Her World Championships rivals could include American wonder girl Sydney McLaughlin, who ran 50.78 seconds for the flat 400m victory earlier the same day.

“She has a lot of flat speed and I think that’s what I am lacking,” Tracey observed of the American, who has run 50.39 for the flat one-lap race. “I think if I can improve on my flat speed, I think I’ll be dangerous,” the owner of a 51.95 personal best said.

She continues to refine her hurdling technique in her training overseas with coach Lawrence ‘Boogie’ Johnson.

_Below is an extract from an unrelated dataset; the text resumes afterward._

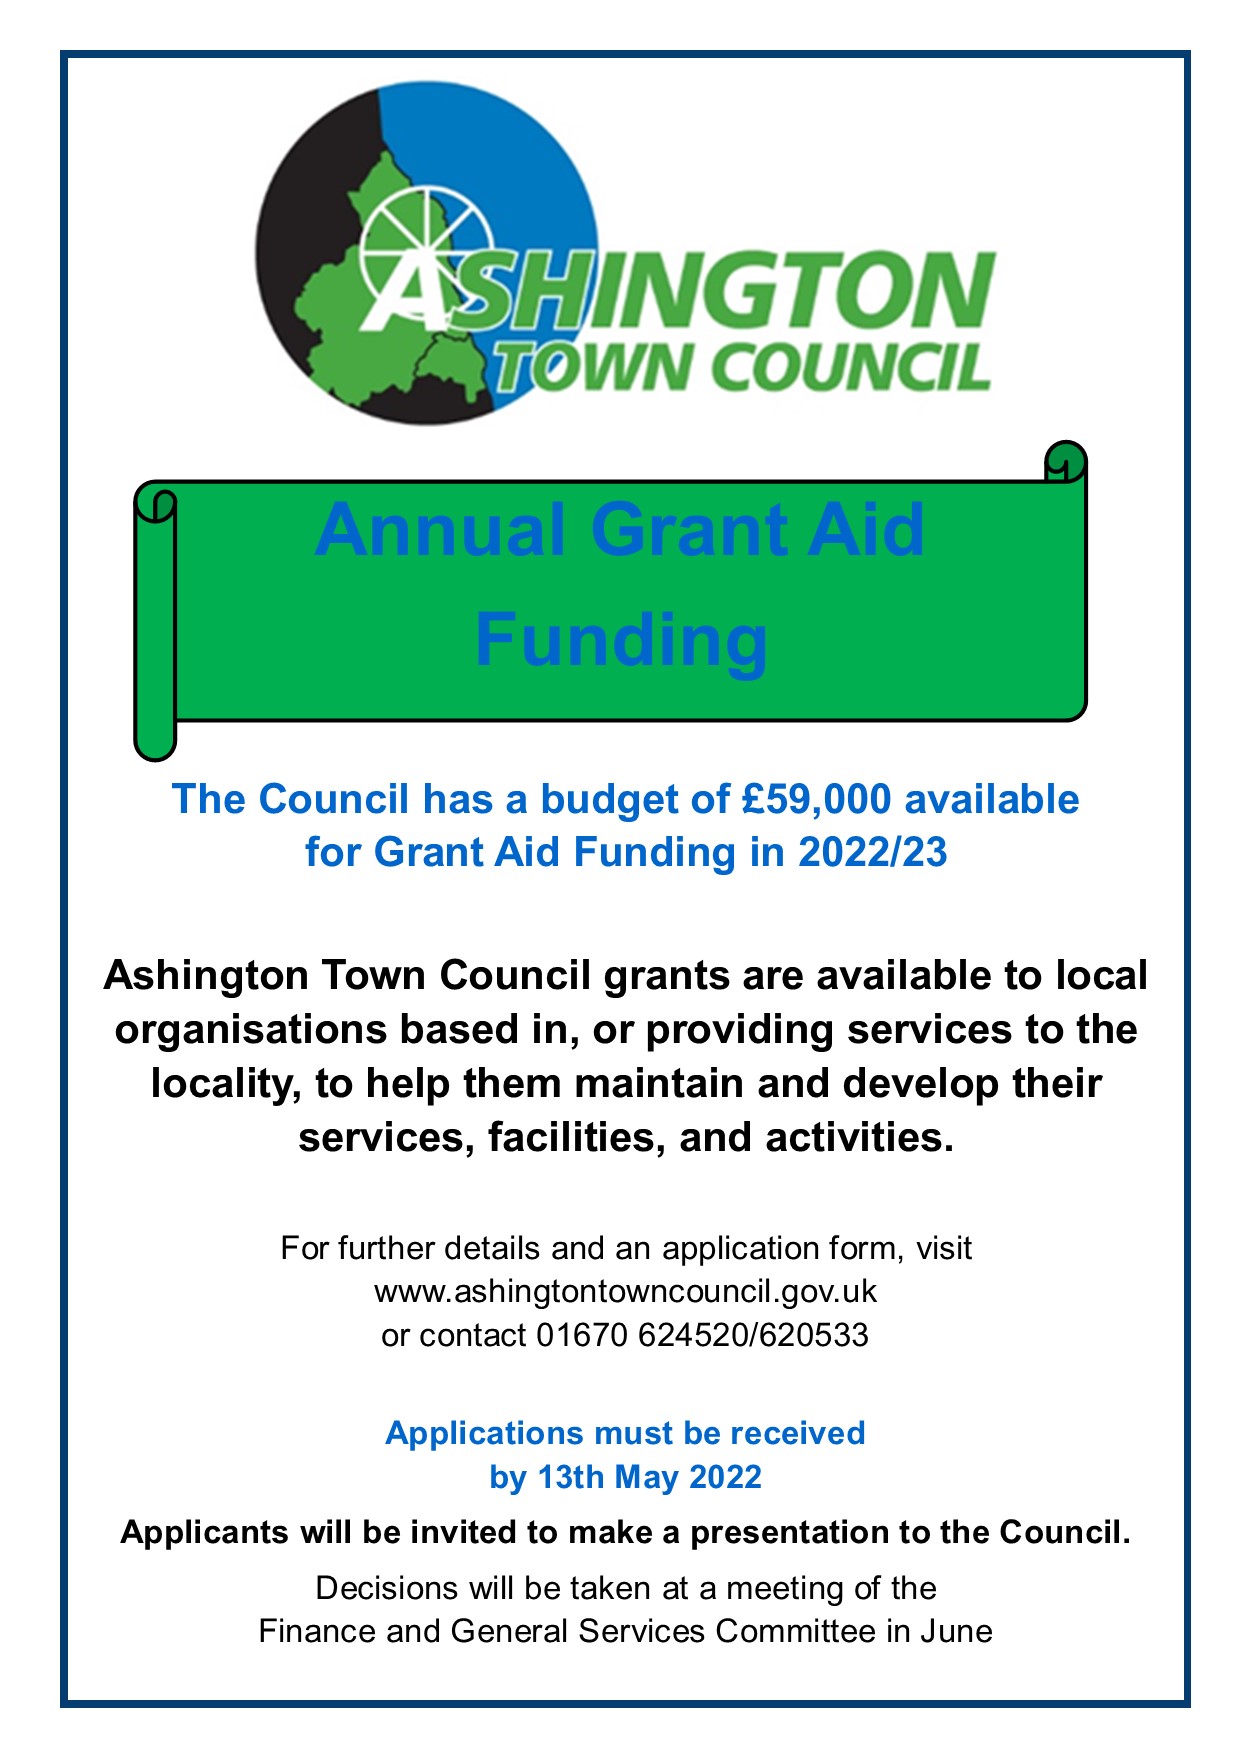 Applications for Annual Grant Aid Funding are invited

“He keeps on reminding me in training that I will never be able to beat my training partner until I learn like proper technique, having less air time and all those stuff, so I’m mainly working on my technique and flat speed right now,” she said. The training partner she speaks of is none other than Olympic champion Dalilah Muhammad, whose 400m personal best is 51.62 seconds.

LIFETIME MARK

That’s just 0.01 off the lifetime mark of Jamaica’s finest 400m hurdler, Olympic and World champion Melanie Walker, who sits at number two on the 400m hurdles all-time list at 52.42 seconds.

Muhammad has also set a personal best in the 200m this season. The American opened her IAAF Diamond League account with victory in 53.61 seconds on May 3 in Doha, Qatar.

Tracey was in the Olympic final won by Muhammad in Rio de Janeiro and came back with a personal best 53.74 seconds to win the bronze medal at the 2017 World Championships.

“Definitely, I am working towards going back on the podium, whether it is getting another bronze medal, or move up on the podium. That’s exactly my aim for this season,” she said.